Right, but not when you have several record constructors, which is more common in real world, with one empty one among them, and all record constructors are encoded as objects, and the empty one as an empty array... What's worse, it's not something that's easy to fix on the consumer side, as it's not a library.

Hence the need to be able to configure it, and it wasn't even difficult.

epoberezkin commented 12 months ago

Now we have a sum type that takes ~8min and 12gb RAM to compile FromJSON in GHC 9.6.2... Sad times.

Any idea if/when it can be resolved? Could we help by sponsoring the solution a bit?
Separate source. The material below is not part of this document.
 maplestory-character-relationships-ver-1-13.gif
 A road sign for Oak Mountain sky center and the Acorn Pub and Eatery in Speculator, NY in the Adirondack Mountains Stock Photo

Also, the same question re #926 - any chance we can sponsor it? As the current SingleFieldObject isn't compatible with the main environment that uses it...

phadej commented 12 months ago

Could we help by sponsoring the solution a bit?

You can contact my employer for options. Though I will hesitate to promise anything concrete. At best, you can have your own deriving which is tailored for your needs, i.e. is fast and does exactly what you need and not more. That's a direction I'd like to move aeson anyway (#933) as current configurable kitchen-sink deriving is not going to do what you (and everyone else) want and be fast at compile and generated code.

epoberezkin commented 12 months ago

Thank you!

You can contact my employer for options.

And here I was hoping it's somebody's individual project :)

In any case, moving just couple of types to TH improved compilation time and memory a lot - any known issues with it?

Also, any chance we could support nullaryToObject (#933)? The current default is not usable with Swift, unfortunately.

Also, any pointers where it would fit in TH - a quick glance through the code didn't suggest an obvious way to add it, so just added {_nulary :: Maybe Int} to the empty constructors for now...